Vu les observations en duplique, enregistrées le 2 juillet 2010, présentées par la société RTE.

La société RTE soutient que la société SEPE Le Nouvion n’a pas la qualité d’utilisateur du réseau. Elle estime, également, que la décision Ventura du comité de règlement des différends et des sanctions constitue bien un précédent pertinent, dans la mesure où cette décision aborde la question du nécessaire lien direct entre le producteur et le gestionnaire du réseau de transport. La société RTE en déduit qu’elle est fondée à demander à établir une relation contractuelle directe exclusivement avec le producteur et non avec une société intermédiaire, en l’occurrence la société SEPE Le Nouvion.

Elle considère que la réglementation oblige à raccorder directement au réseau public de transport chaque groupe d’éoliennes, dès lors que ceux-ci sont détenus par des producteurs différents. Elle soutient que la scission du projet entre plusieurs sociétés juridiquement distinctes n’a été motivée qu’a posteriori et que par la volonté de bénéficier de l’obligation d’achat. Dans ces conditions, la société RTE estime que l’hypothèse envisagée par les requérantes consistant à transférer la poste de raccordement et la convention de raccordement à l’une des sociétés de production (SR 2 par exemple) puis à raccorder indirectement par le biais de ce poste les sites d’autres sociétés de production n’est pas permise par la réglementation.

La société RTE indique avoir toujours conditionné la solution consistant à conférer aux sociétés parc éolien de Saint-Riquier 1 et parc éolien de Saint-Riquier 2 le statut d’établissement secondaire de la société SEPE Le Nouvion à la correspondance entre, d’une part, la puissance contractualisée dans le cadre du raccordement et, d’autre part, la puissance totale correspondant aux autorisations d’exploiter détenues par ces sociétés.

Elle expose que la difficulté des requérantes n’est pas liée au schéma de raccordement proposé ni à son coût, mais à la structure juridique de leur projet et à la non-obtention d’une zone de développement de l’éolien demandée postérieurement à la signature de la proposition technique et financière. Elle soutient que ces questions ne relèvent pas de la compétence du gestionnaire du réseau de transport et, en conséquence, de celle du comité de règlement des différends et des sanctions, dès lors qu’il ne s’agit pas d’une question de « raccordement » au sens de l’article 38 de la loi du 10 février 2000.

La société RTE conteste le caractère obligatoire du recours au comité de règlement des différends et des sanctions prévu à l’article 4.7 de la convention de raccordement préalablement à l’engagement de toute action contentieuse relative à l’interprétation et à l’exécution de cette convention.

Elle estime qu’elle n’a pas de compétence spécifique ni de pouvoir de décision en matière d’obligation d’achat et qu’il appartenait, en conséquence, aux requérantes d’intégrer ces questions dans les paramètres du projet qui lui est soumis.

La société RTE convient de n’avoir jamais ignoré l’existence de plusieurs groupes d’éoliennes réparties géographiquement et soutient n’avoir, par contre, pas été avertie des modifications de « structure juridique du projet » portées par les sociétés SEPE Le Nouvion, parc éolien de Saint-Riquier 1 et parc éolien de Saint-Riquier 2.

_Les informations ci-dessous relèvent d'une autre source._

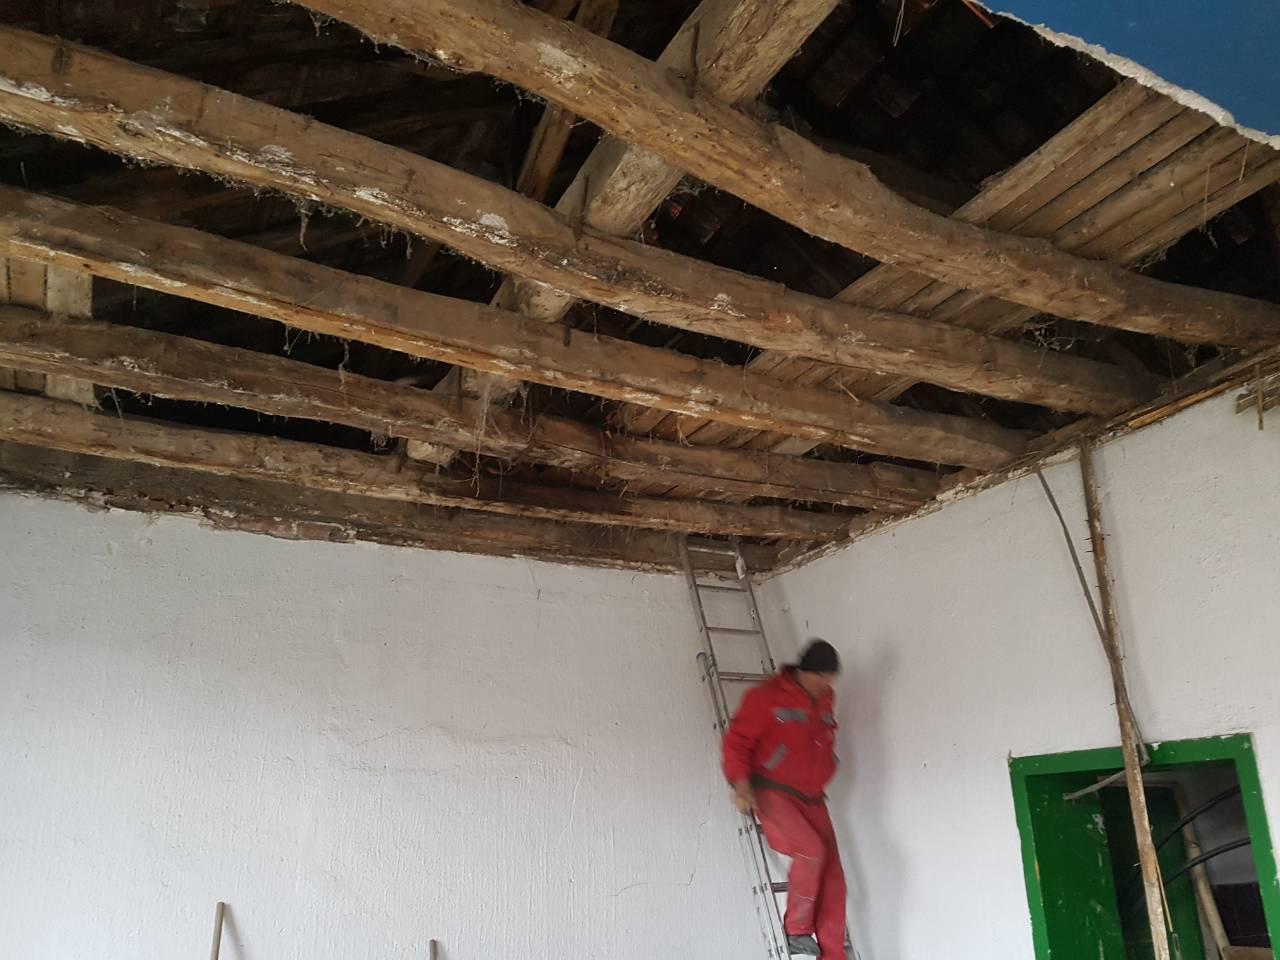 Rekonstrukcija objekta MZ Niševac u Niševcu
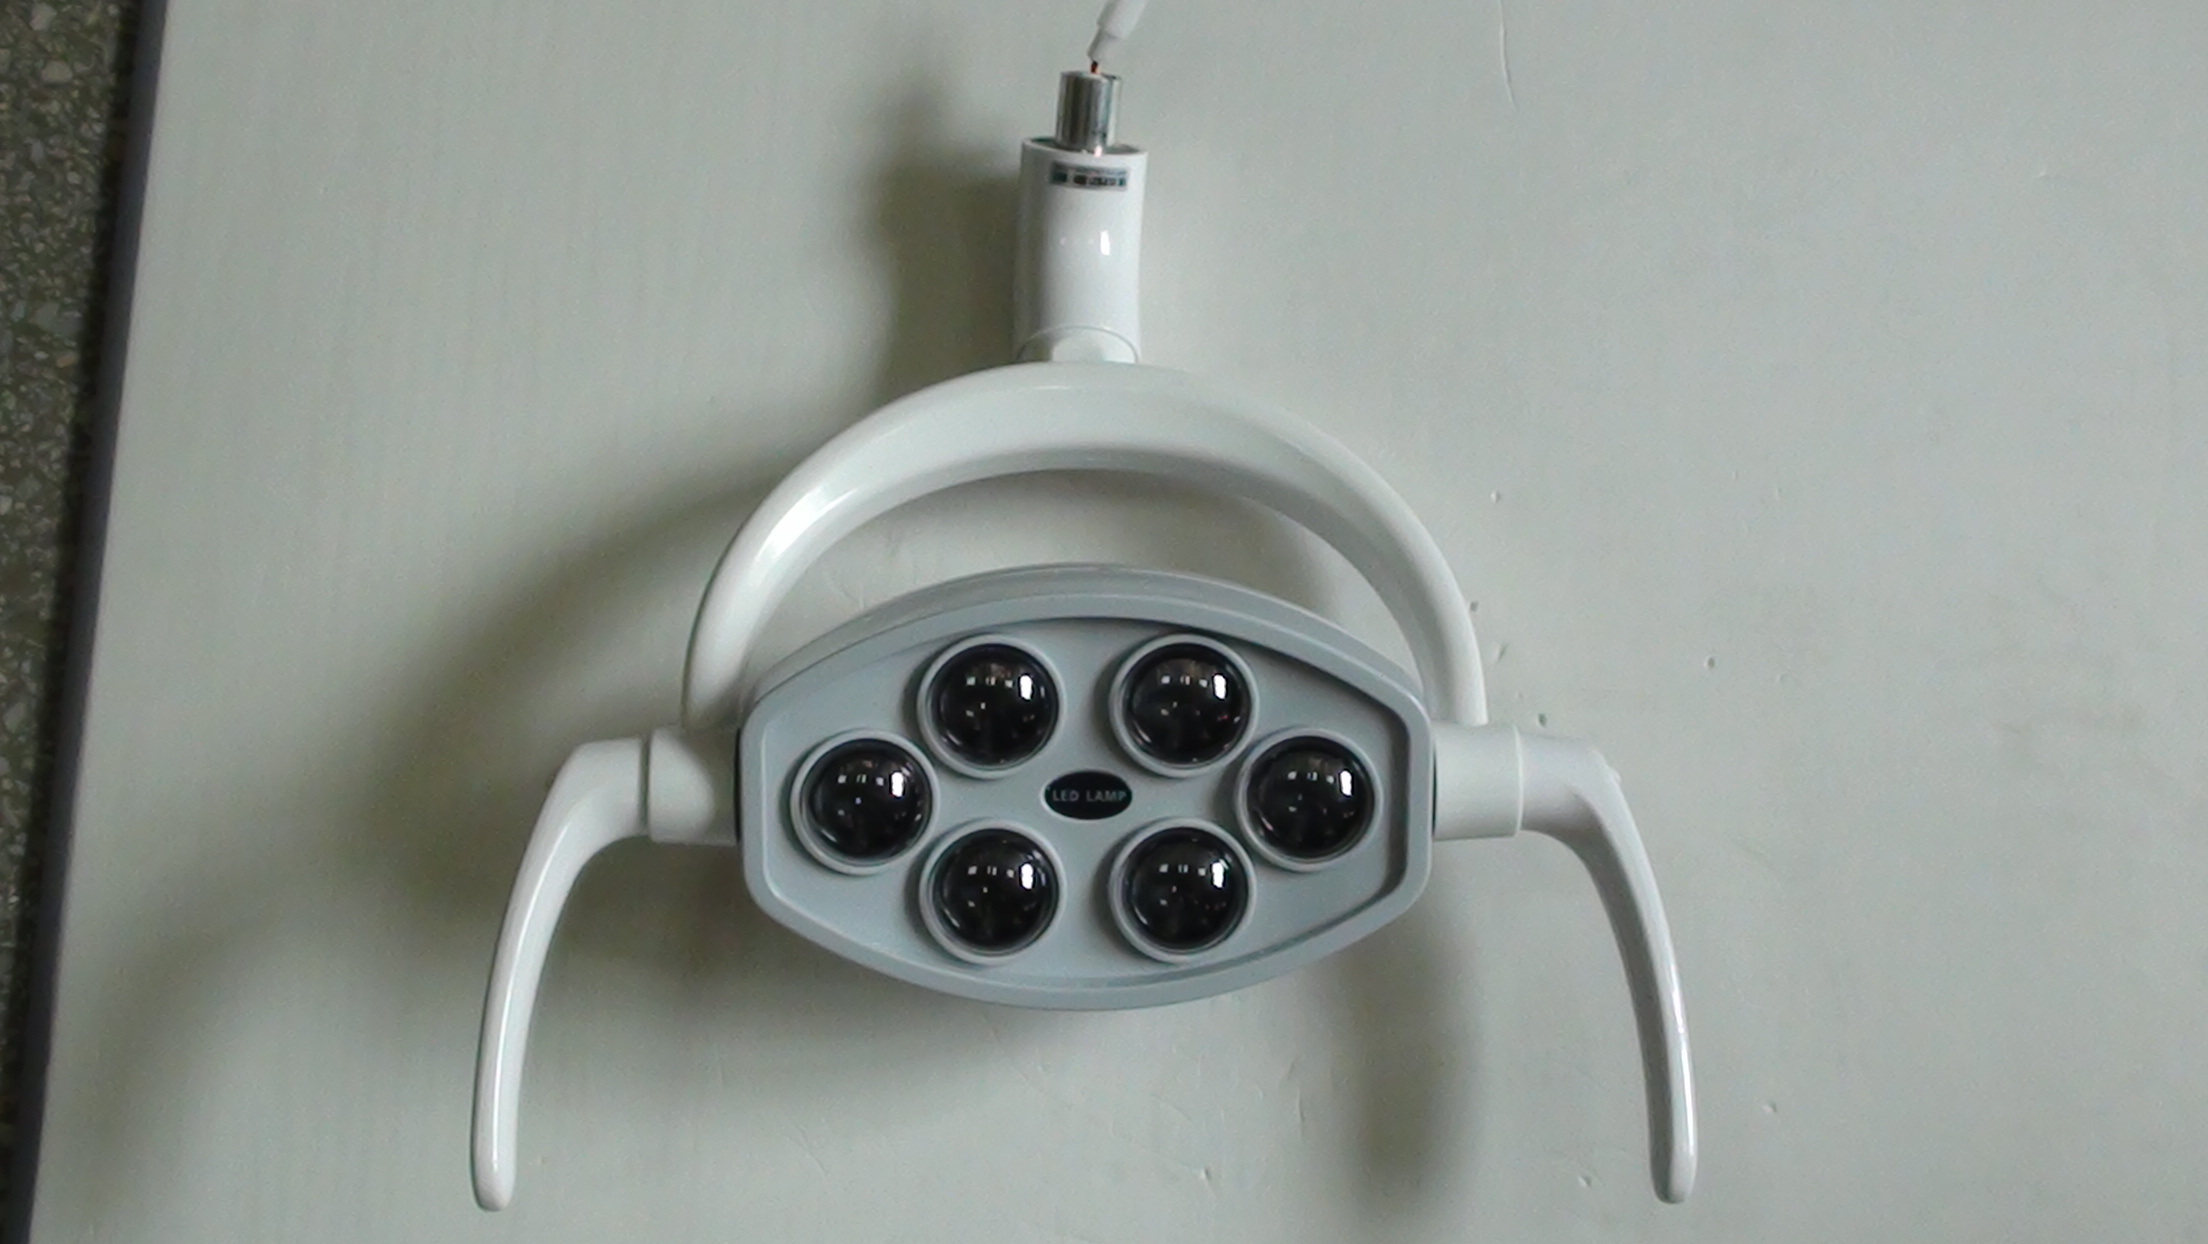 Dental LED Oral Light Induction Lamp for Dental Unit with Arm

Elle considère qu’elle n’a commis aucun manquement à son obligation d’information et de conseil, en établissant une proposition technique et financière et une convention de raccordement en considération des caractéristiques techniques et factuelles qui lui étaient présentées. Elle soutient que le projet a toujours été présenté comme faisant intervenir une seule société se présentant comme producteur pour une ferme éolienne d’une puissance de 48 MW.

La société RTE persiste, en conséquence, dans ses précédentes conclusions et demande, en outre et en tout état de cause, au comité de règlement des différends et des sanctions de la Commission de régulation de l’énergie de dire et juger que la société RTE est bien fondée à exiger que la puissance figurant sur l’autorisation d’exploiter du producteur soit au moins égale à la puissance de raccordement.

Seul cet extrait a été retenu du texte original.